▶ Task
Pictures are not part of the answer. Write out exactly the lines from the one containing "TEKTON WCF95301-T 3/8" through the end of the material below.

▶ Dataset excerpt
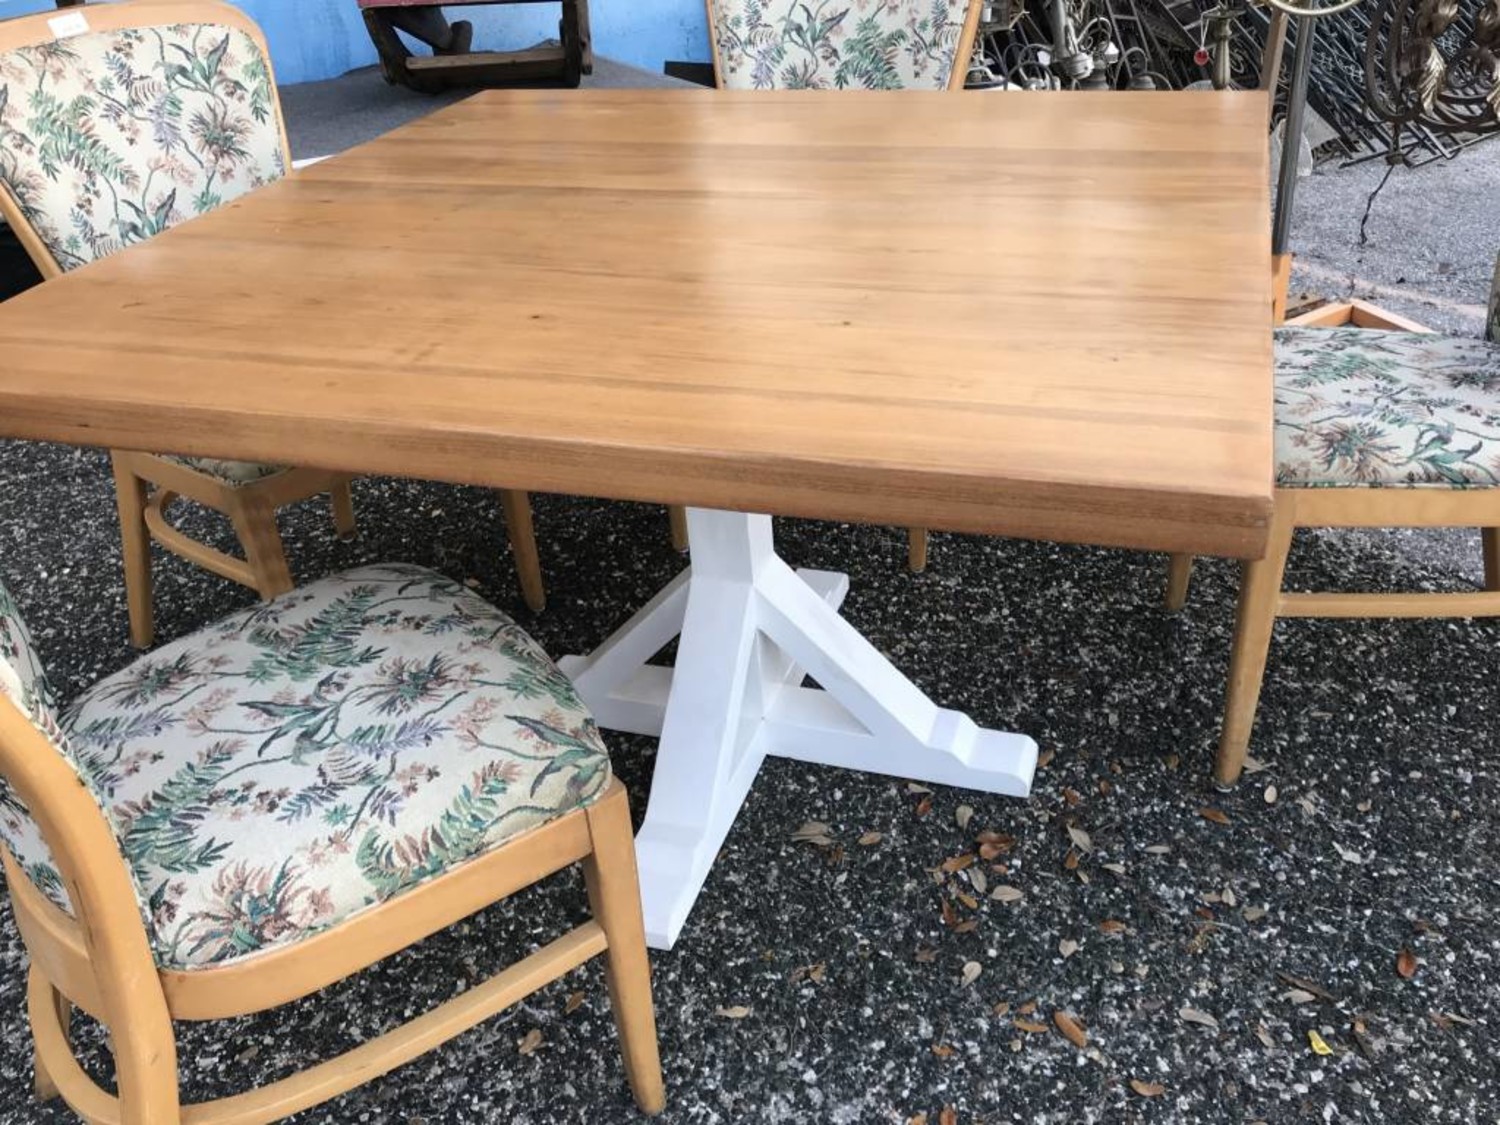 Cypress Square Table Sarasota Architectural Salvage 1093
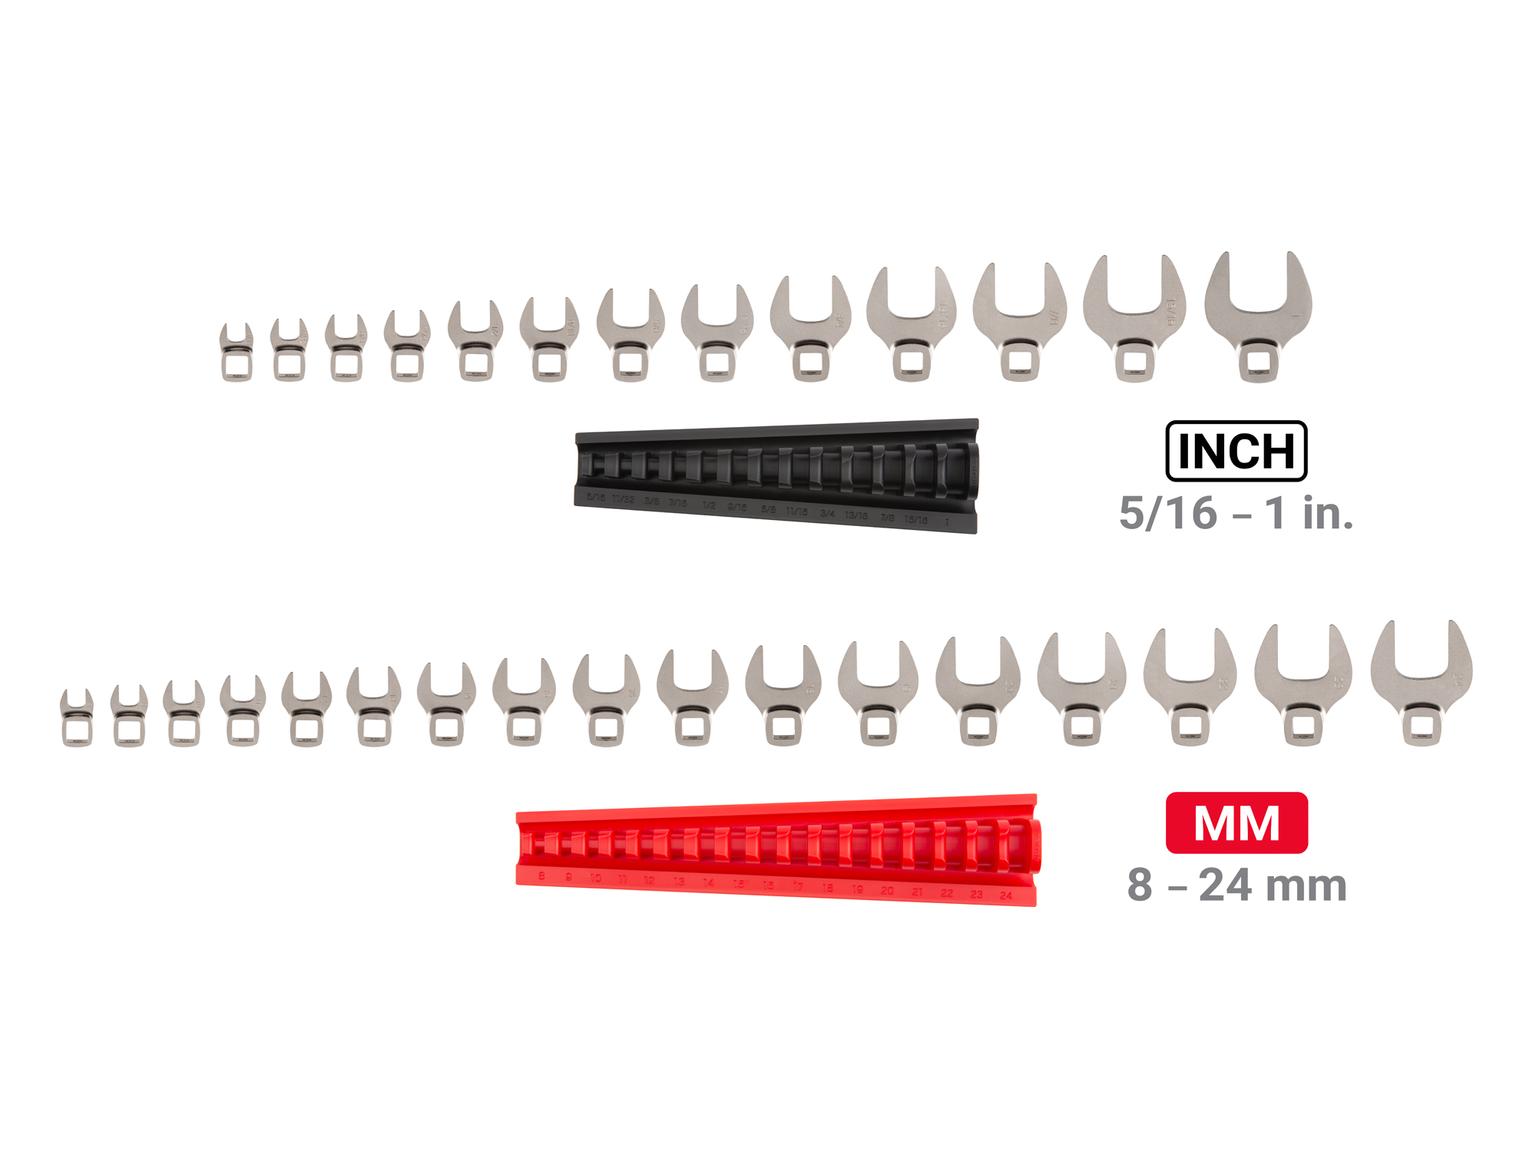 TEKTON WCF95301-T 3/8 Inch Drive Crowfoot Wrench Set with Rack, 30-Piece (5/16-1 in., 8-24 mm)
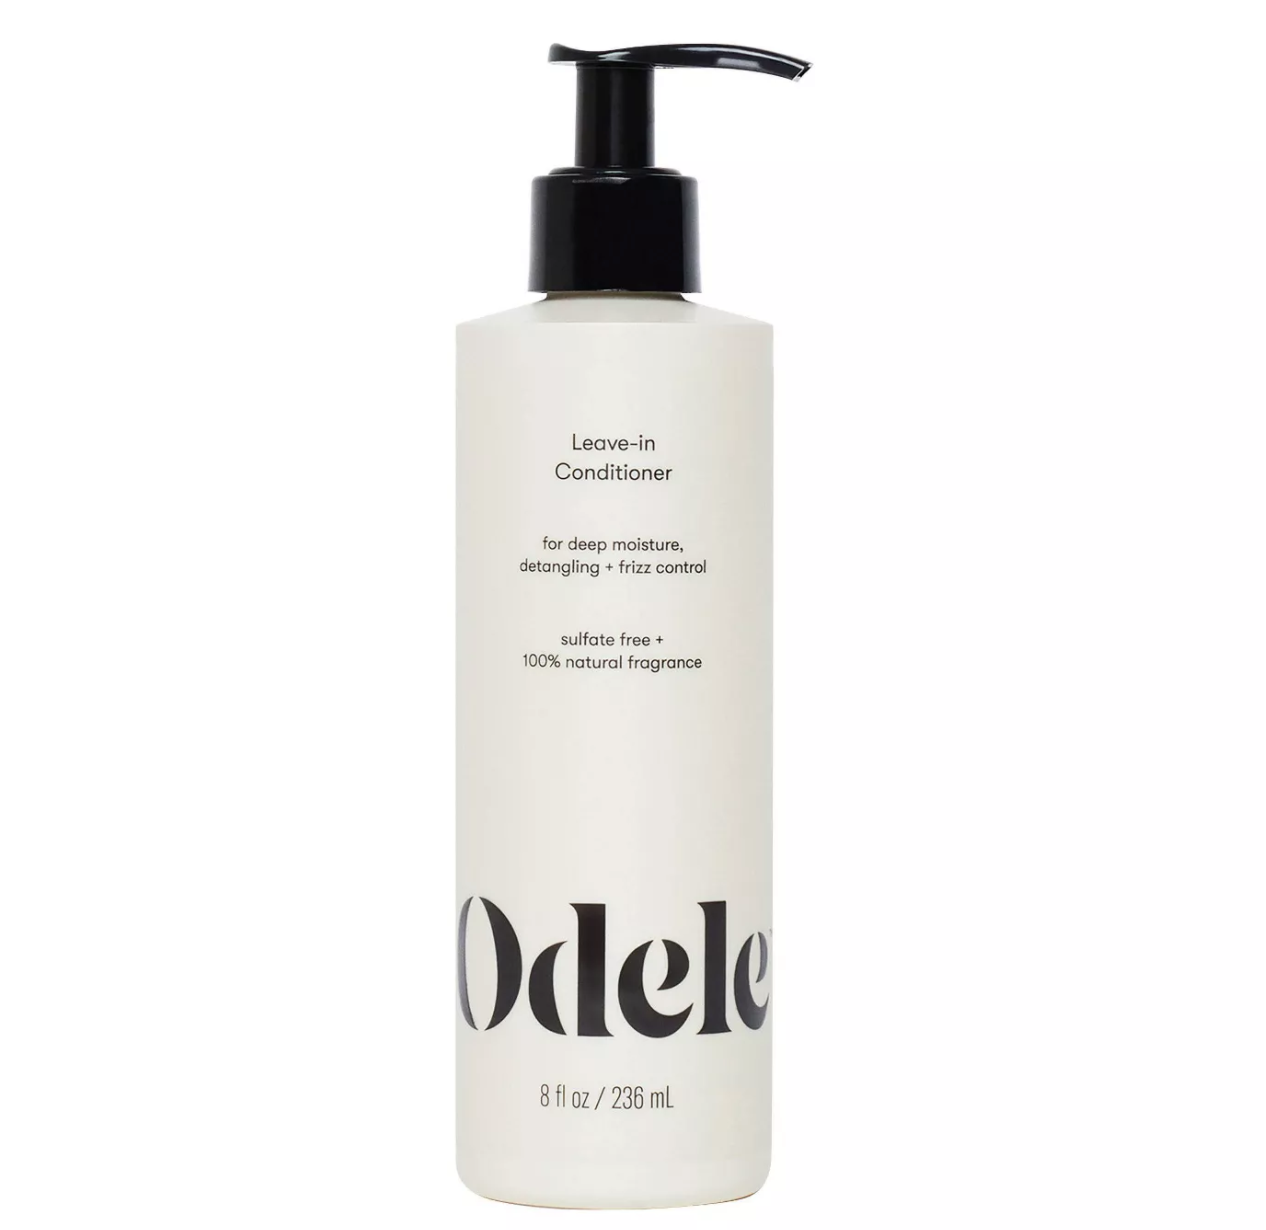 Odele Leave-In Conditioner

▶ Response
 TEKTON WCF95301-T 3/8 Inch Drive Crowfoot Wrench Set with Rack, 30-Piece (5/16-1 in., 8-24 mm)
 Odele Leave-In Conditioner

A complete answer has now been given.